Location:Menjangan Kecil, Karimunjawa, Menjangan Besar, Kemujan Island
Site code: KJ1, KJ2, KJ3, KJ4, KJ5
Status (December 2008):
- Each of the monitoring sites differ significantly in seagrass abundance and species composition.
- In September 2004 the Park Rangers conducted surveys at 6 sites of seagrass significance identified by local inhabitants and the Marine Park Authority.
- In November 2004 staff from the Wildlife Conservation Society assisted the Park Rangers to conduct park wide surveys in a bid to identify further sites for Seagrass-Watch monitoring.
- Current status is unknown as results from previous surveys are still pending
Location
Manado
Blongko is a small village (115 km southwest of Manado) with a population of 1,250, located on the northwest shore of Minahasa. Its approximately 6.5 kilometers of coastline is healthy and productive, bordered by relatively thick and vigorous mangrove. Most of the population lives along the water, and the majority are fishers, although almost all residents both fish and farm. The fishery, both offshore and on the coral reef, plays a significant role in the livelihood of the community. Most fish captured is used for home consumption or sold by the fishers wives in the local community.
Blongko Marine Sanctuary established in 1998, covers 12 ha along the coast, and contains a mangrove forest, seagrass and part of a coral reef. Blast fishing still occurs in the vicinity, by using soda bottles stuffed with explosive potassium nitrate-detonate underwater, killing or stunning reef fish so that they are easy to net. Dugong have also been reported in the region. At full moon dugongs come over from a nearby bay to feed on seagrass meadows, which are only accessible for them during spring tide.

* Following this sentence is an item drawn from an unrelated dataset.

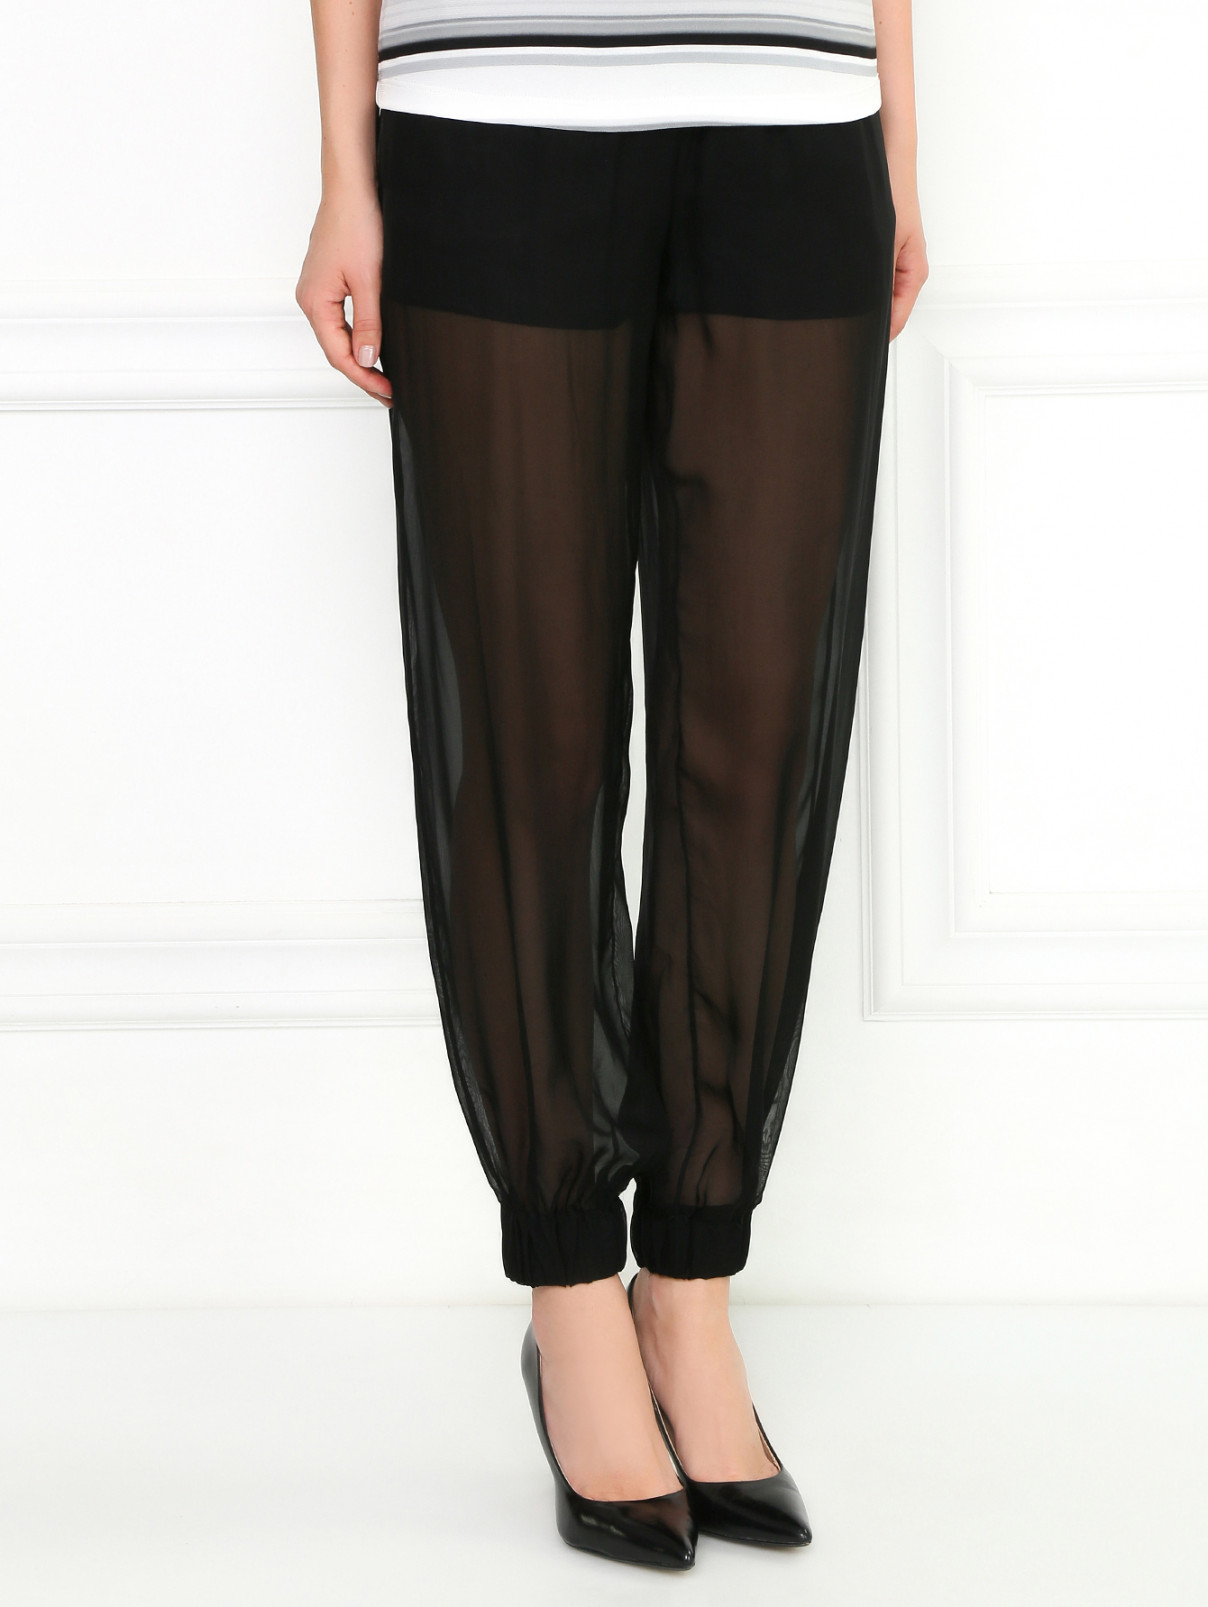 Прозрачные брюки на резинке Jay Ahr  –  Модель Верх-Низ  – Цвет:  Черный

A second site was established at the village of Terremel, about 150 kilometres north east of Manado. This intertidal site is part of a locally managed marine protected area established by the community, with assistance from Coastal Marine Resources Program and students from the Sam Ratulangi University. The CMRP program is US Aid funded and has been working with the university to establish small locally managed marine protected areas with villages where all harvesting is prohibited.
Monitoring: suspended
Principal watchers: Sam Ratulangi University, CMRP, Seagrass-Watch HQ.
Location: Blongko and Airbanua (Terremel), northern Sulawesi
Site code: AB1 (Airbanua, Terremel), BO1 (Blongko)

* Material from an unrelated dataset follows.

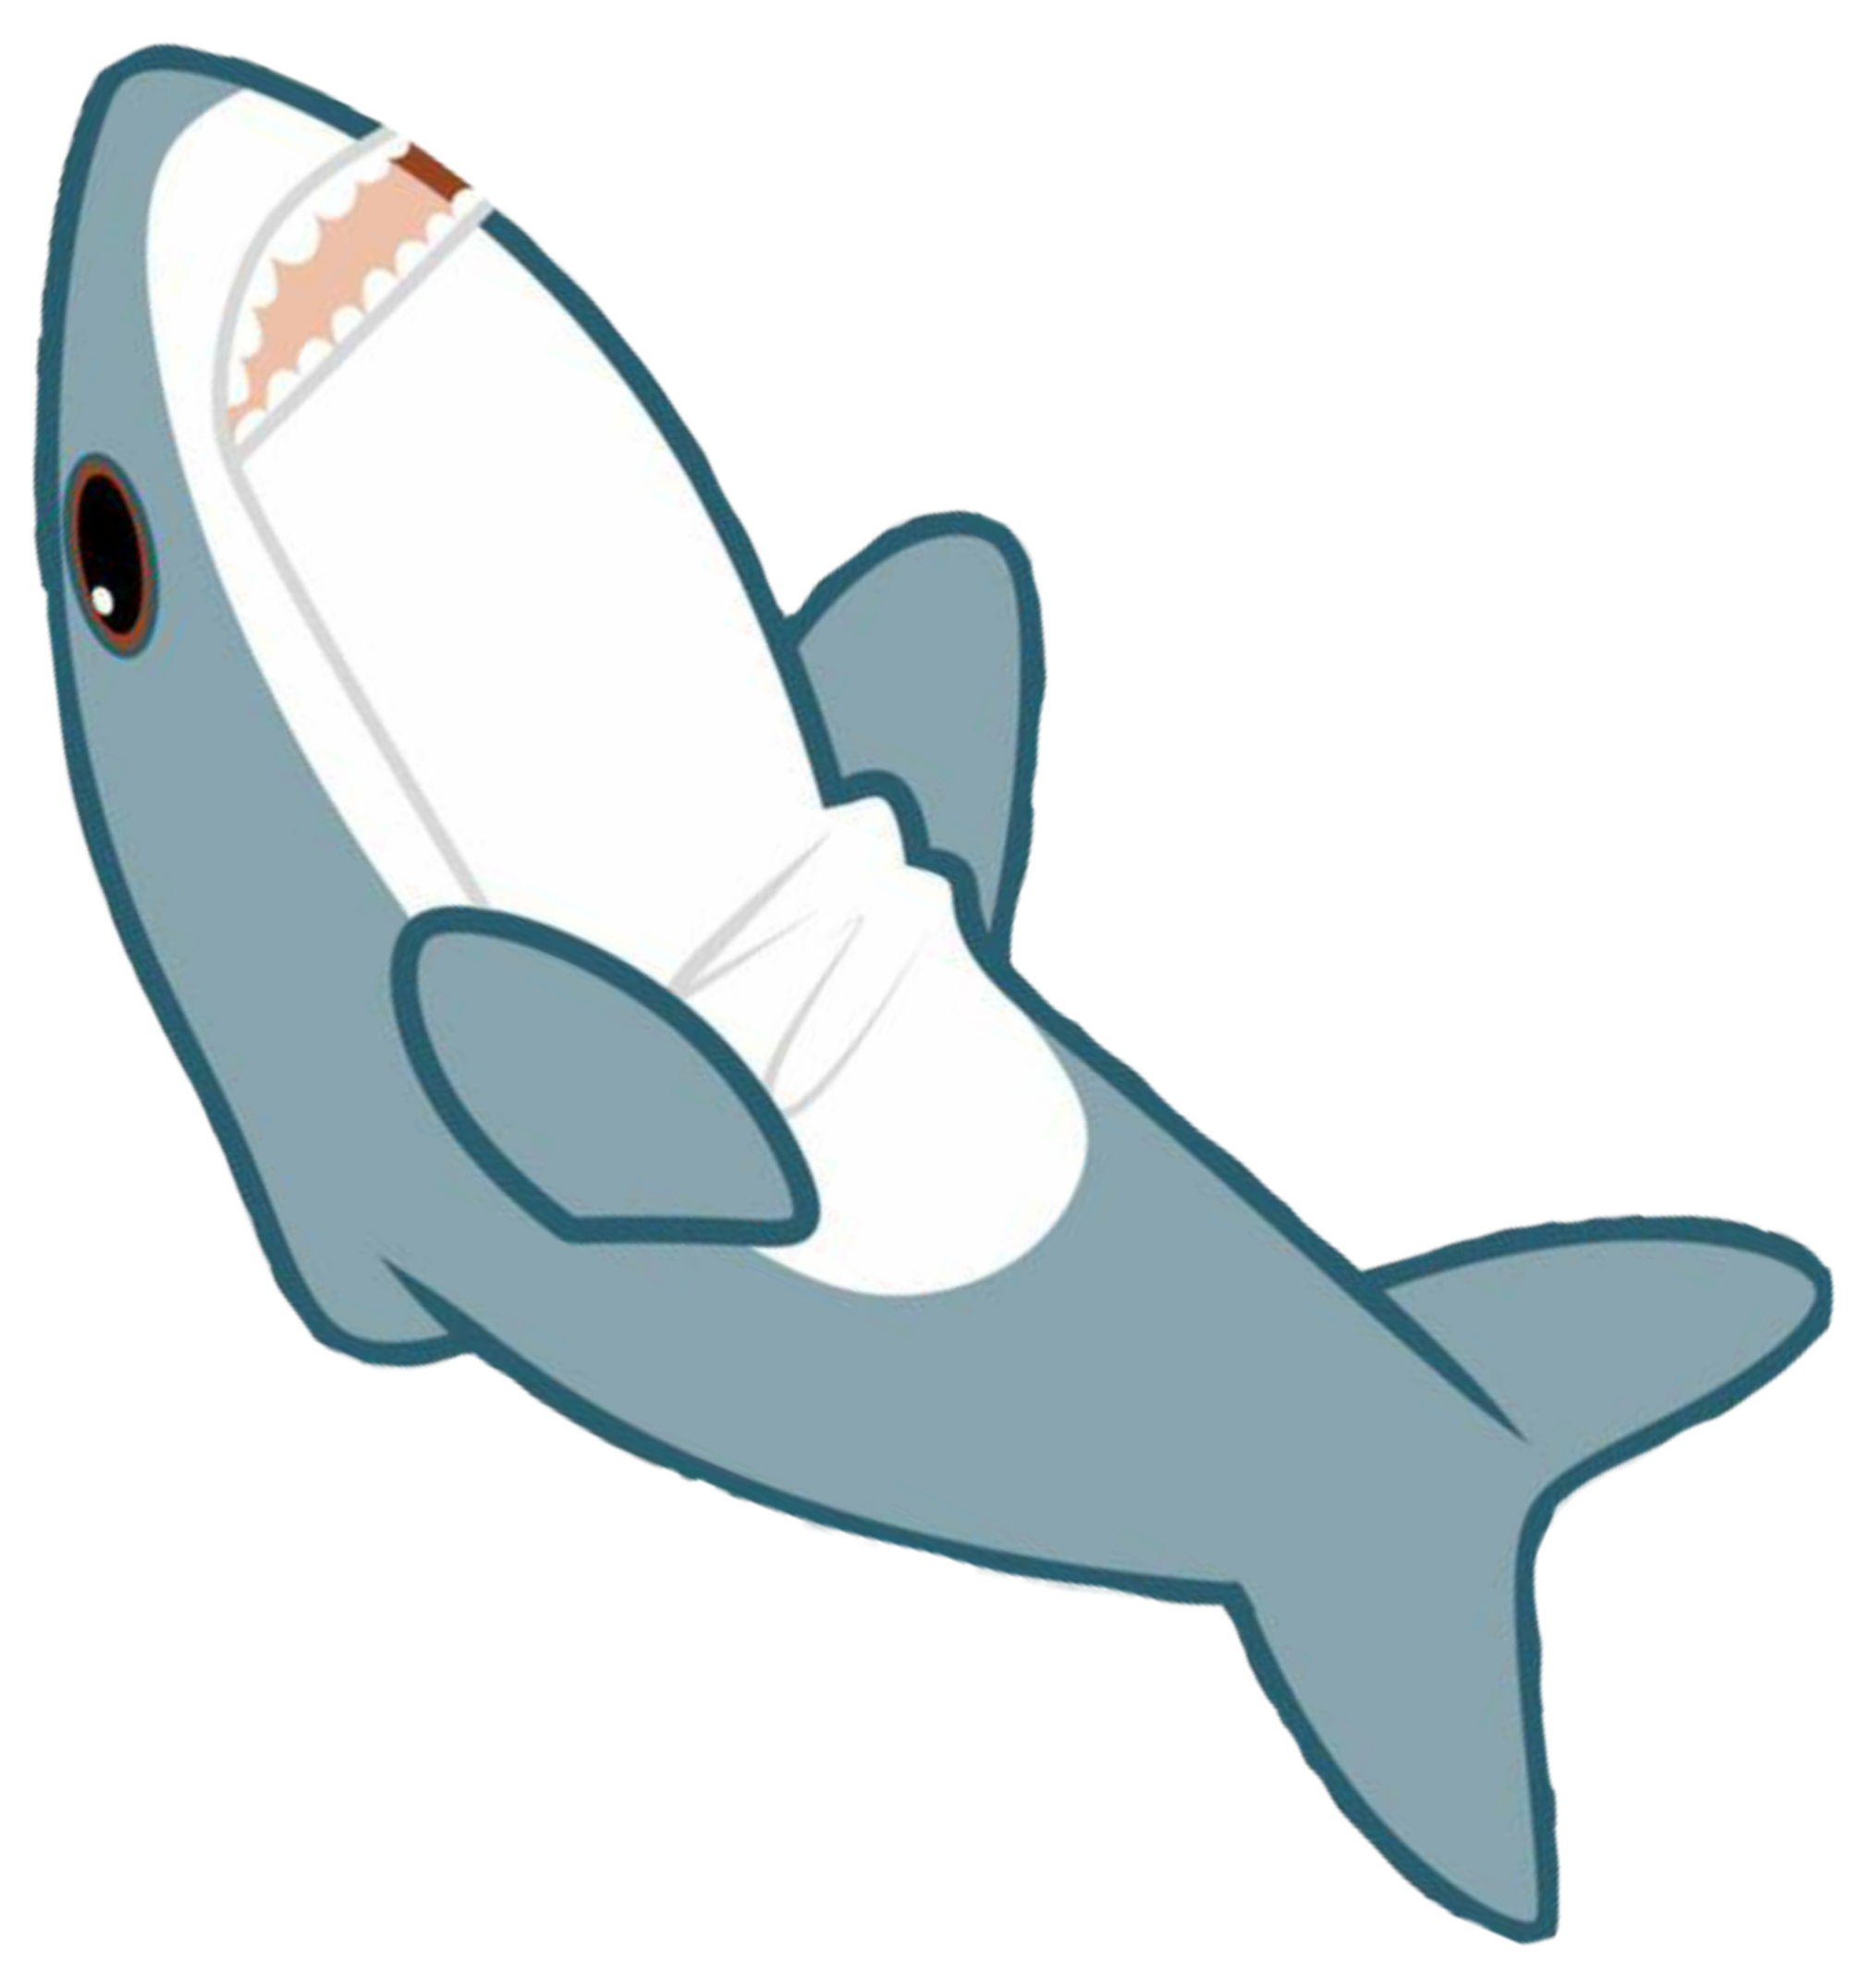 Игрушечная акула рисунок

Issues: Raw sewage from adjacent village, blast fishing
Status (December 2008):
- Monitoring has not been conducted since November 2002.
- Current status of seagrass resources unknown.
- Abundances at Airbanua appeared to be declining, but this may have been a seasonal trend.
- The Blongko site consists of a mix of species including Cymodocea rotundata, Thalassia hemprichii and Enhalus acoroides.
- At Airbanua (Terremel), the seagrass species included Enhalus acoroides and Thalassia hemprichii.
- The success of establishing an ongoing monitoring program at all sites is dependent on the resources and commitment of CMRP, university staff and students and residents the local villages.